[Task details]
Please, from the entries below, transcribe exactly the lines that begin at the line with "Google Supplies its" and end at the line with "The World of", without the pictures.

[Recorded information]

--- --- ---

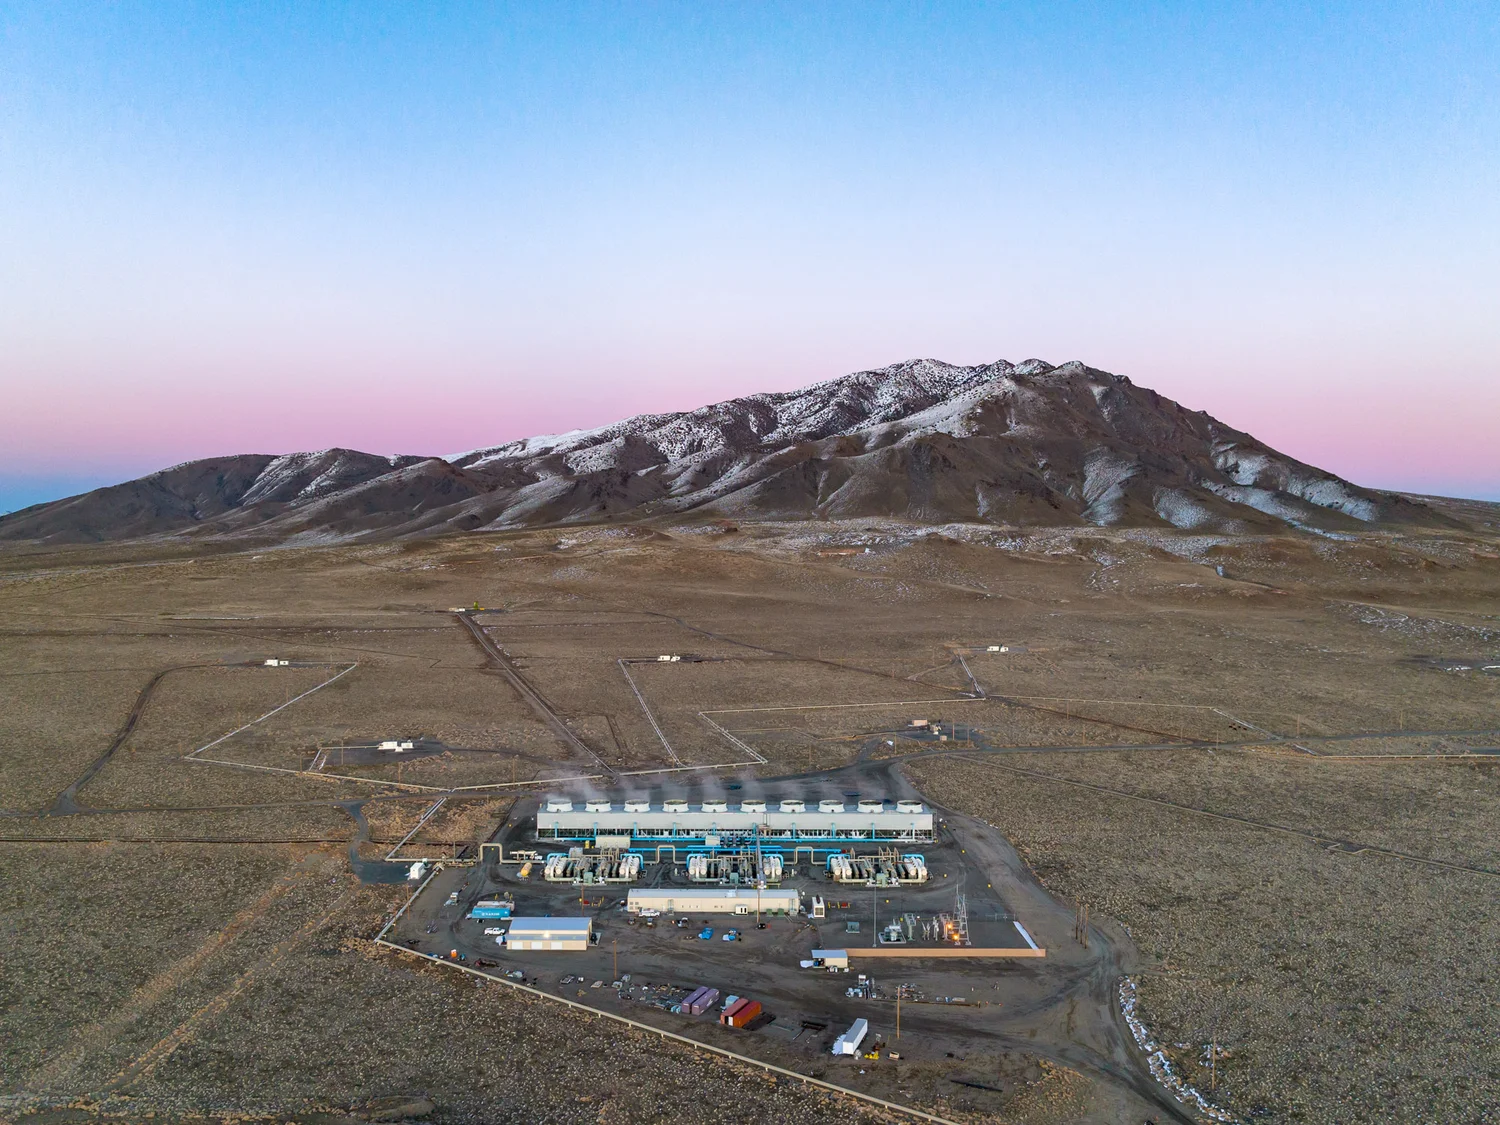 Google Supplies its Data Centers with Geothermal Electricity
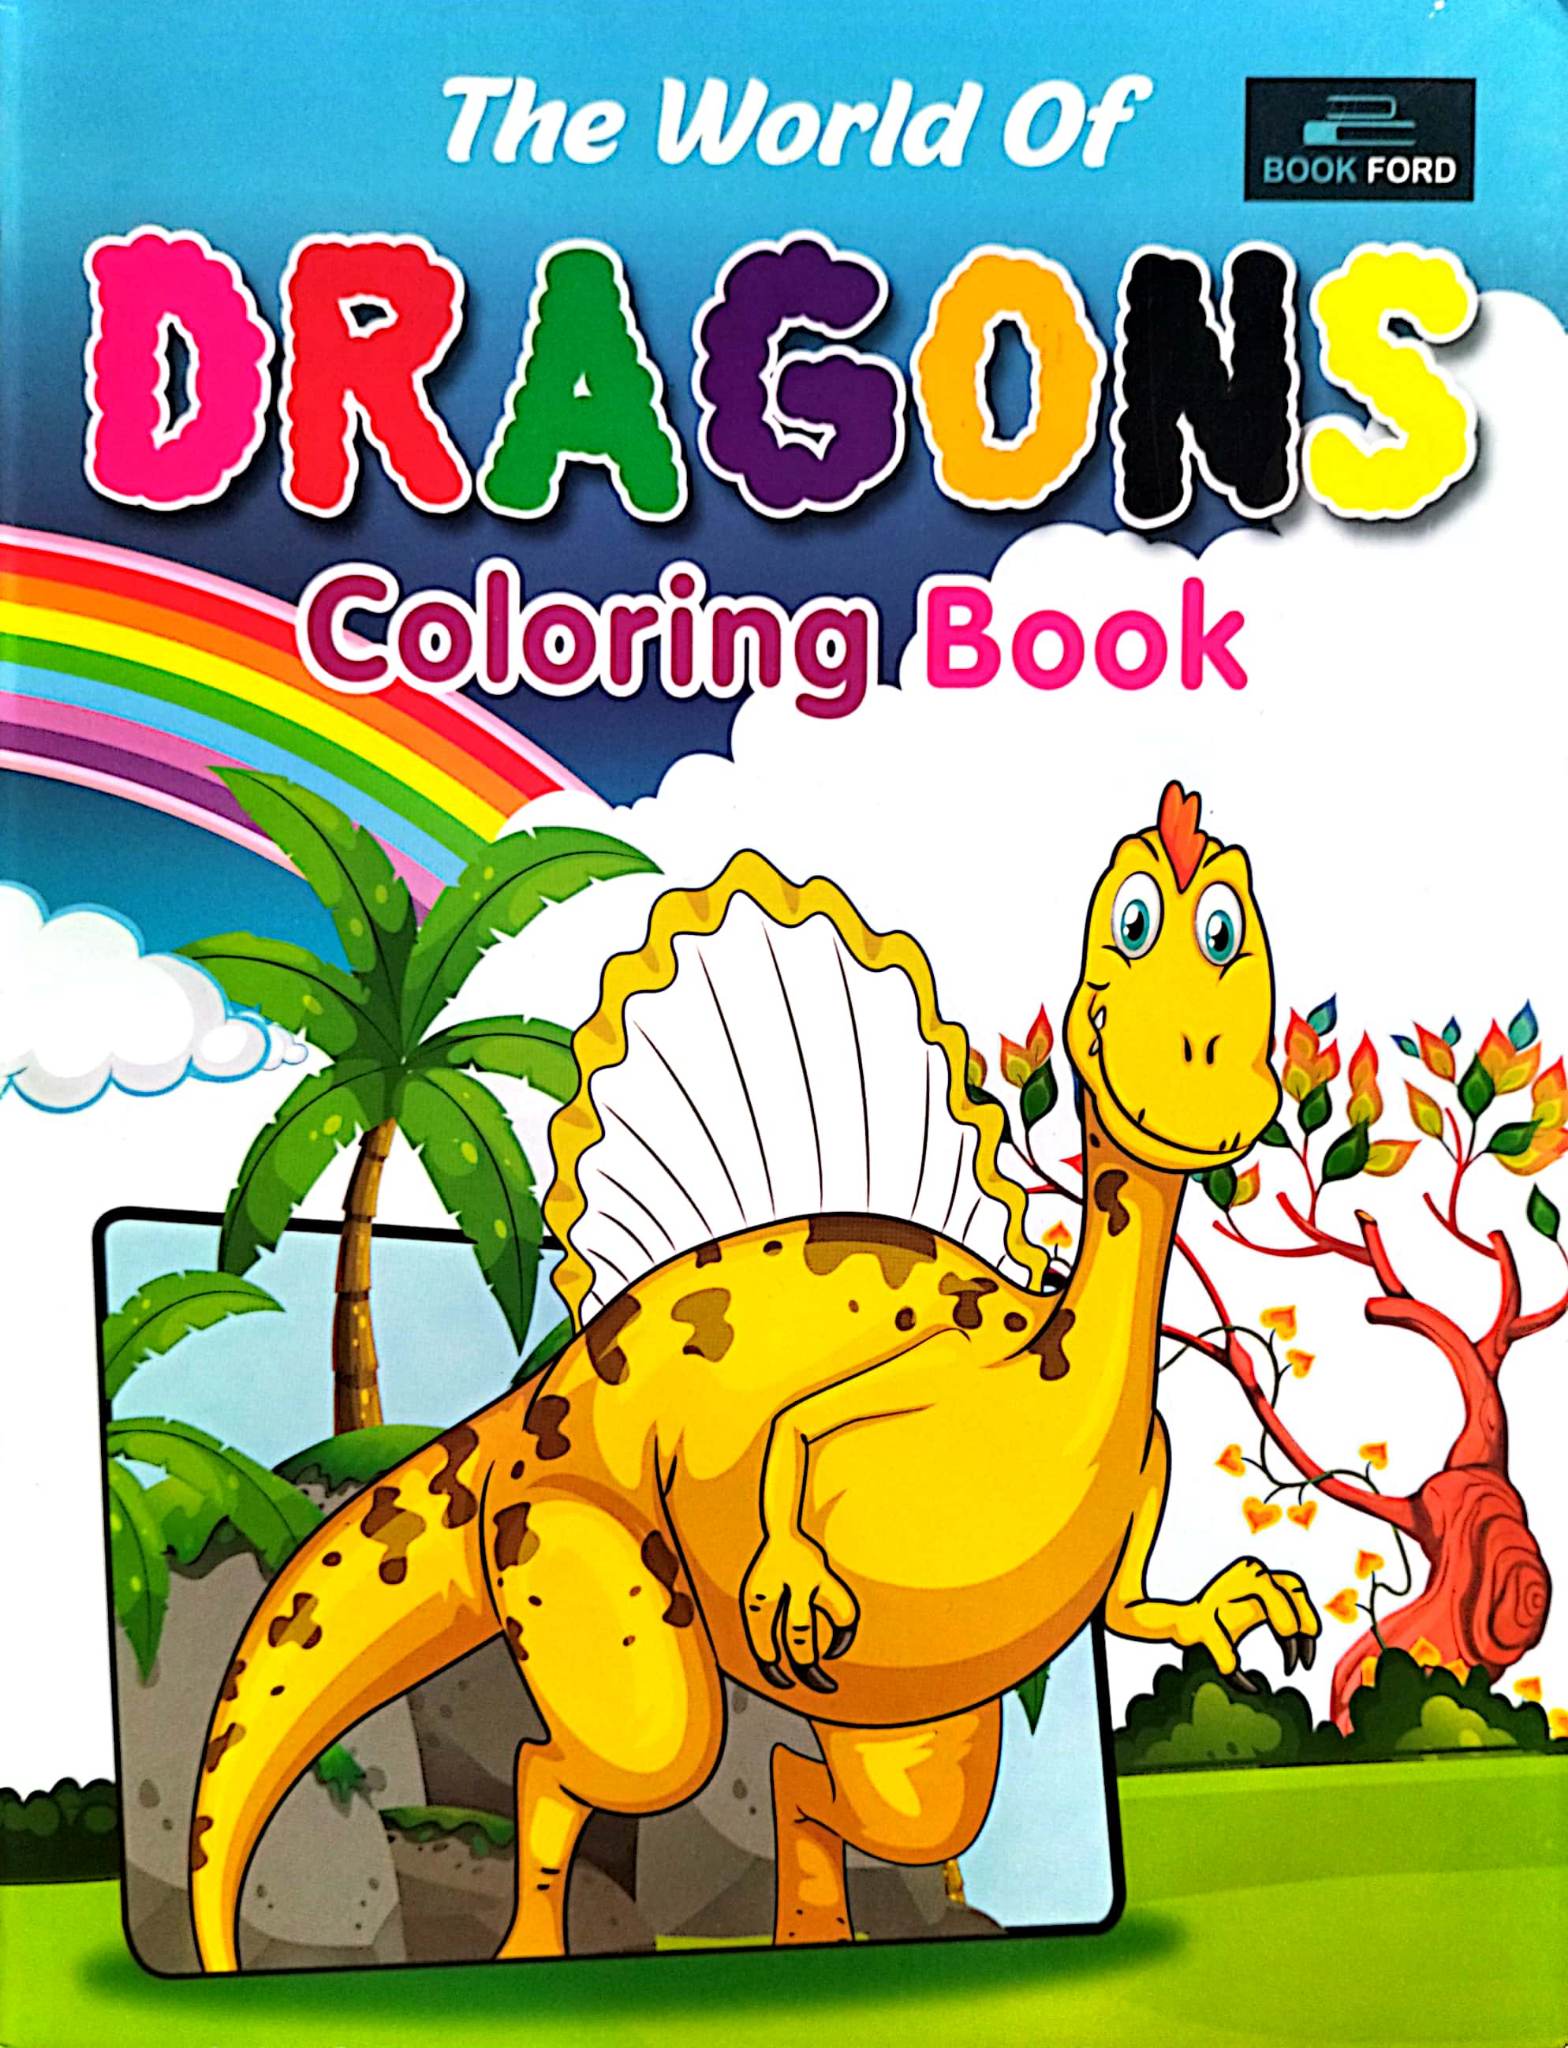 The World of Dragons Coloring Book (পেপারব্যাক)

--- --- ---

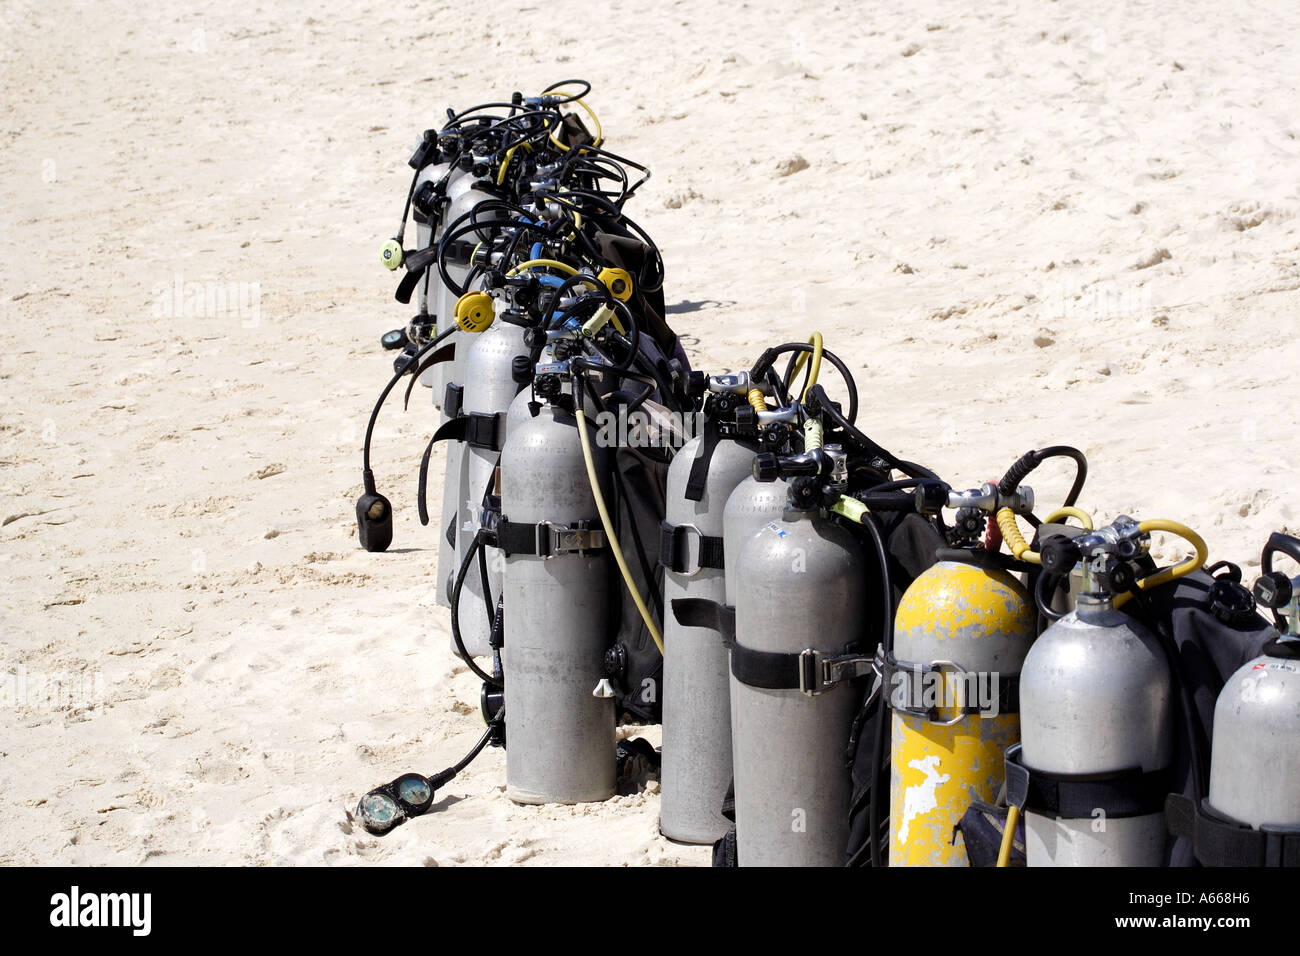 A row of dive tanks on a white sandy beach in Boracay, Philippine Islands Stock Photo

--- --- ---

[Your solution]
 Google Supplies its Data Centers with Geothermal Electricity
 The World of Dragons Coloring Book (পেপারব্যাক)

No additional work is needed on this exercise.